Rockefeller Group International Inc. plans to build a 150,000-square-foot warehouse in...

Rockefeller Group International Inc. plans to build a 150,000-square-foot warehouse in Woodbury after News 12 moves to new studios in Bethpage. Credit: Howard Schnapp

The developer of a $55 million warehouse proposed for the current site of News 12 studios in Woodbury has requested 20 years of property-tax breaks from Nassau County, executives said.

Rockefeller Group International Inc. purchased the broadcasting center, along with an adjacent parcel, last year. It plans to construct a 150,000-square-foot warehouse, but demolition won’t start until the cable television station moves to new studios in Bethpage, the executives said.

Besides the property-tax savings, Rockefeller Group has requested that the county’s Industrial Development Agency grant a sales-tax exemption of up to $1.2 million on the purchase of construction materials and equipment.

The IDA board voted unanimously last week to negotiate an incentive package with the developer.

Phillip Golub, a project manager at Manhattan-based Rockefeller Group, said the warehouse would be “modern, state-of-the-art. … We believe this will add something new to the Island.”

No tenants have yet committed to using the building. He estimated that 68 people would work there initially, earning an average of $45,400 per year.

Peter L. Curry, the developer's real estate attorney, said it is requesting that the IDA tax-savings deal be written as if the News 12 building has already been torn down. By doing so, the current property-tax bill goes from $601,800 per year to $376,630. 

The Nassau IDA, unlike some in Suffolk County, doesn’t reduce current property taxes; the future savings is on higher taxes because the property’s value increases with new development.
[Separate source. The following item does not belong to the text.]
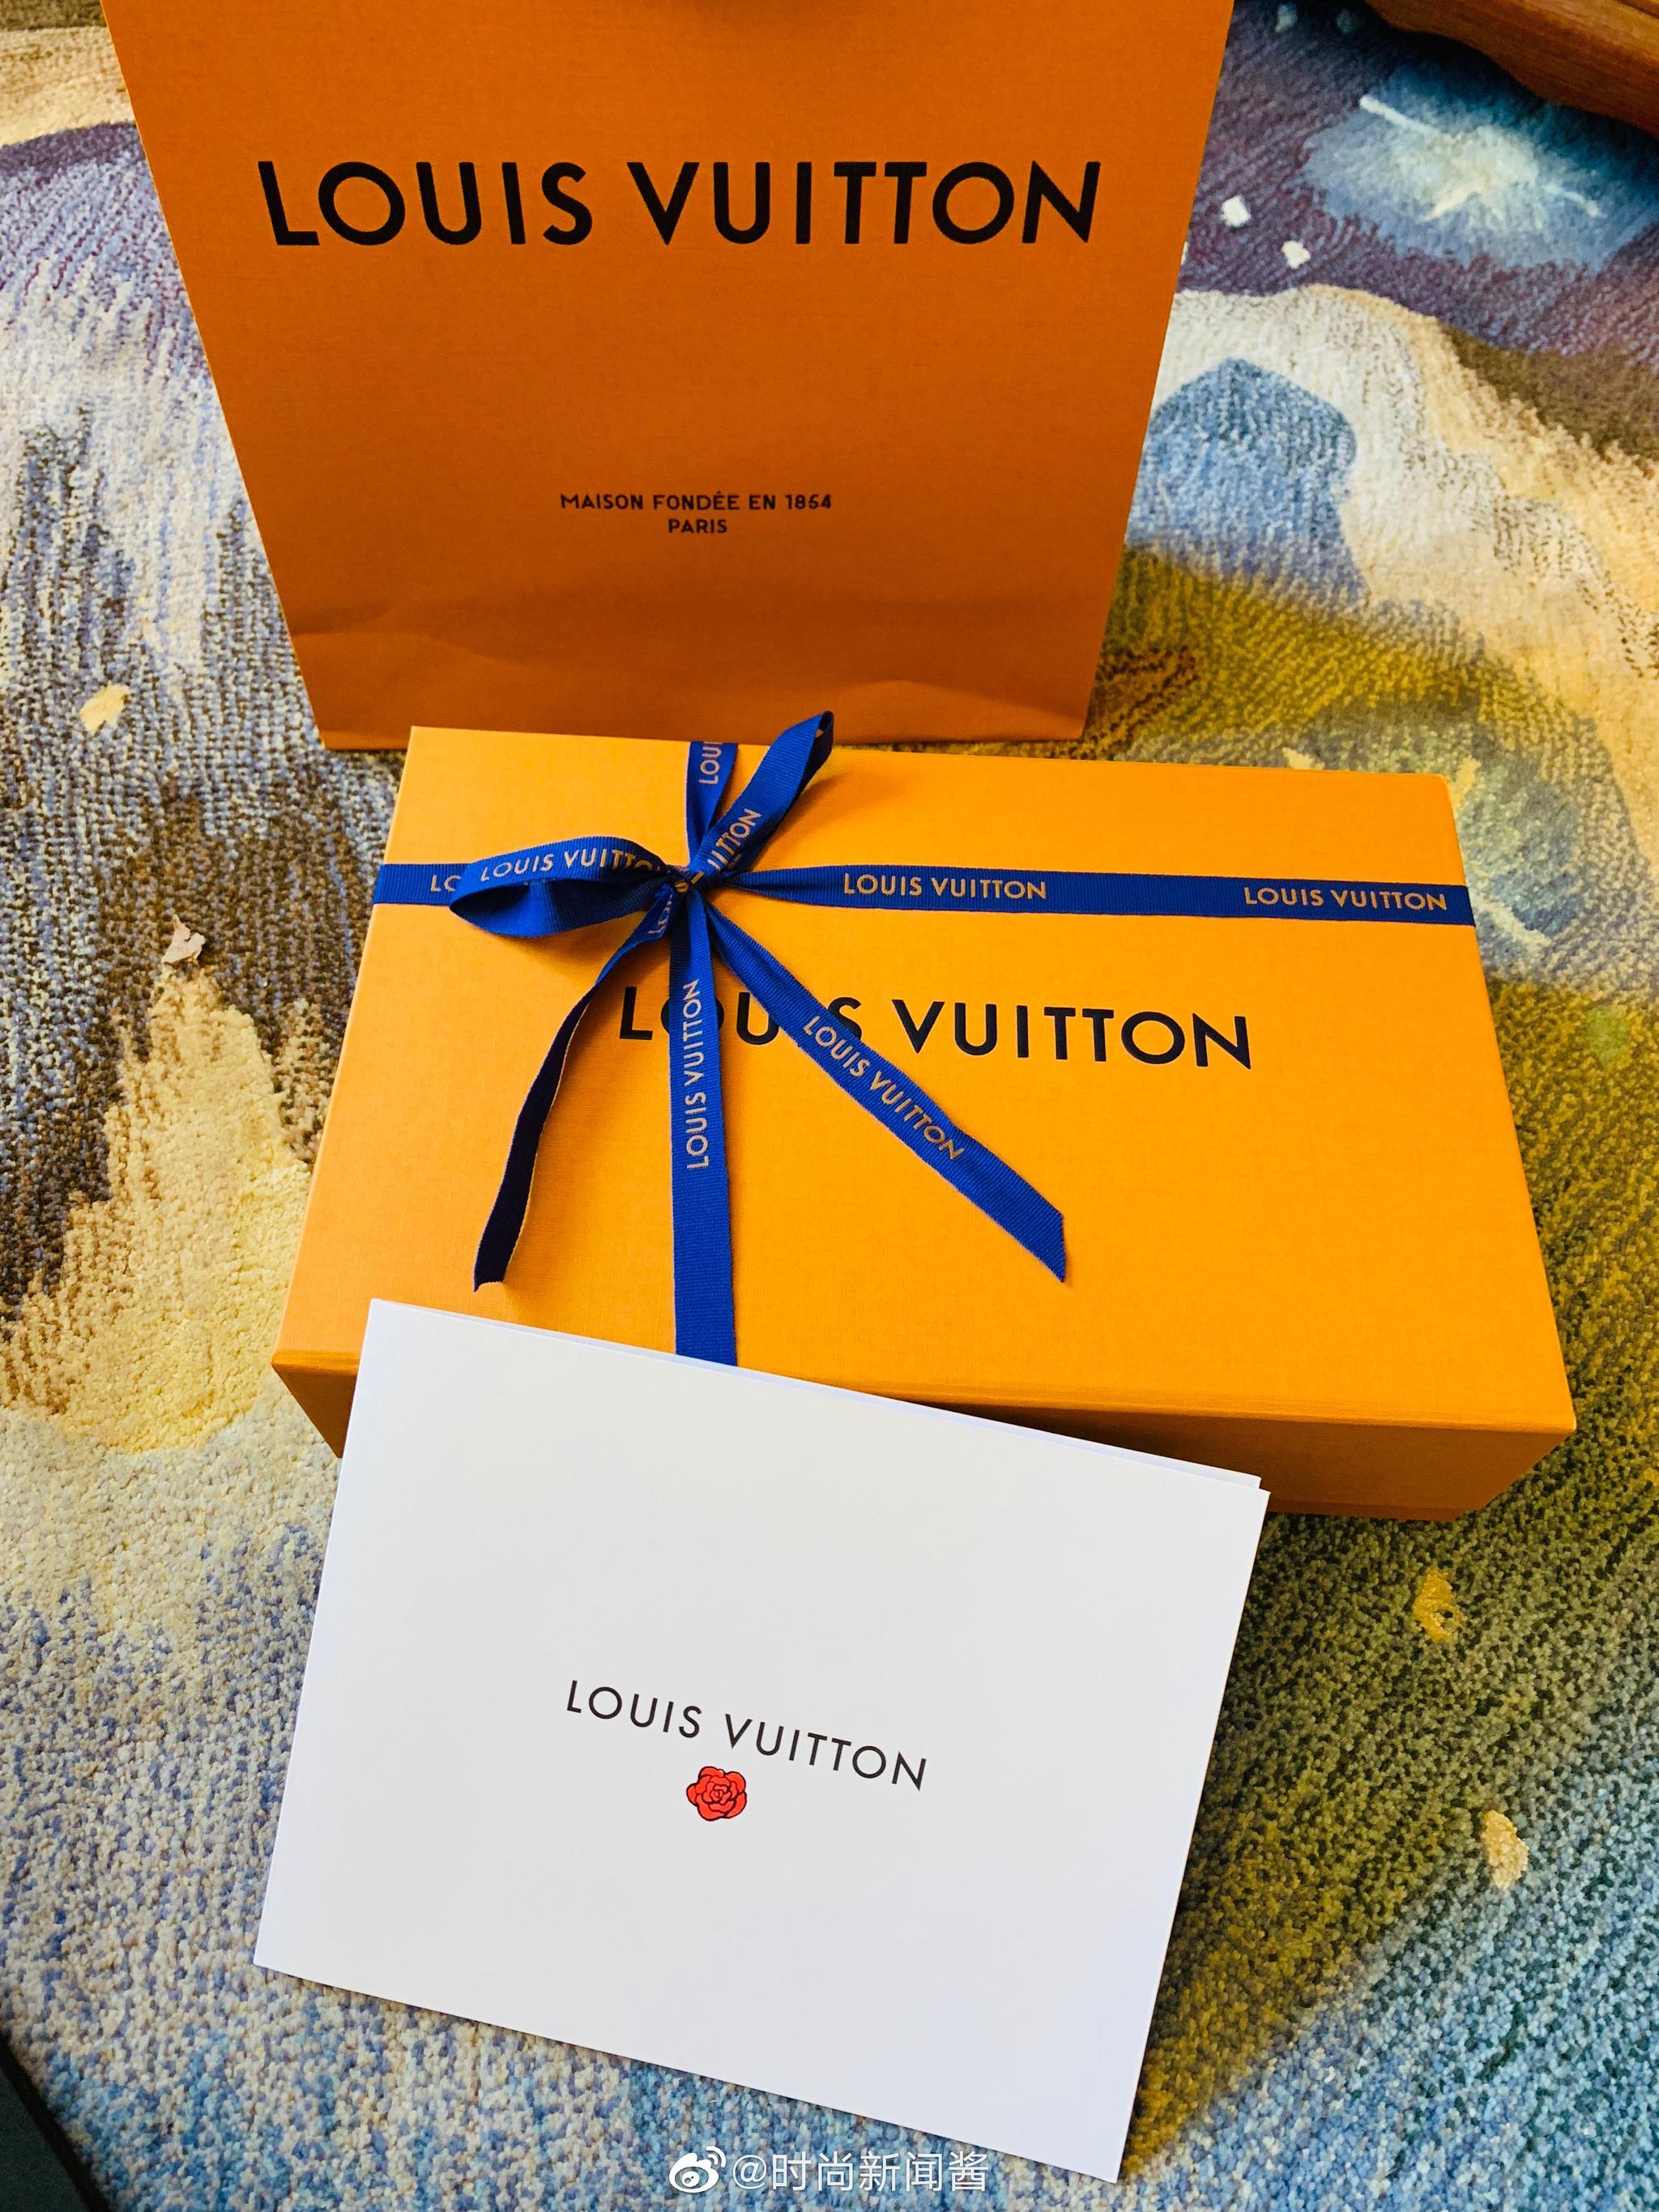 谢谢情人@路易威登 送来的七夕礼物香水+丝巾=相思!

IDA board member Reginald A. Spinello said last week that he found Rockefeller Group’s proposal “a little bit troubling [because] now we have a project that can start below existing taxes” under a potential incentive package.

Curry responded that, if News 12 were not operating from the building, it  would have been demolished by now, and vacant land carries lower property taxes. But Rockefeller Group is “letting [News 12] stay as long as they need to stay,” he said.

By the time construction starts in January, the land will be vacant. "We are asking for something that we don’t normally ask for because you couldn’t kick News 12 out of its building,” Curry said.

IDA chairman Richard Kessel concurred but said “it has been the practice of this IDA not to lower taxes. … We will have to work our way through this issue.”

A spokeswoman for News 12's parent, Altice USA in Long Island City, Queens, didn't respond to a request for comment on Wednesday.

Separately, Rockefeller Group has told Oyster Bay Town that the warehouse’s size would be reduced by 25% if a zoning code change is adopted by the town board. The change requires additional parking at warehouses within the town.

The Woodbury project is the developer's second on Long Island. It plans to construct a 172,000-square-foot warehouse in Bay Shore, according to executives.

Rockefeller Group was founded in 1928 by John D. Rockefeller Jr., the only son of oil magnate John D. Rockefeller. The company is best known for developing Manhattan's Rockefeller Center.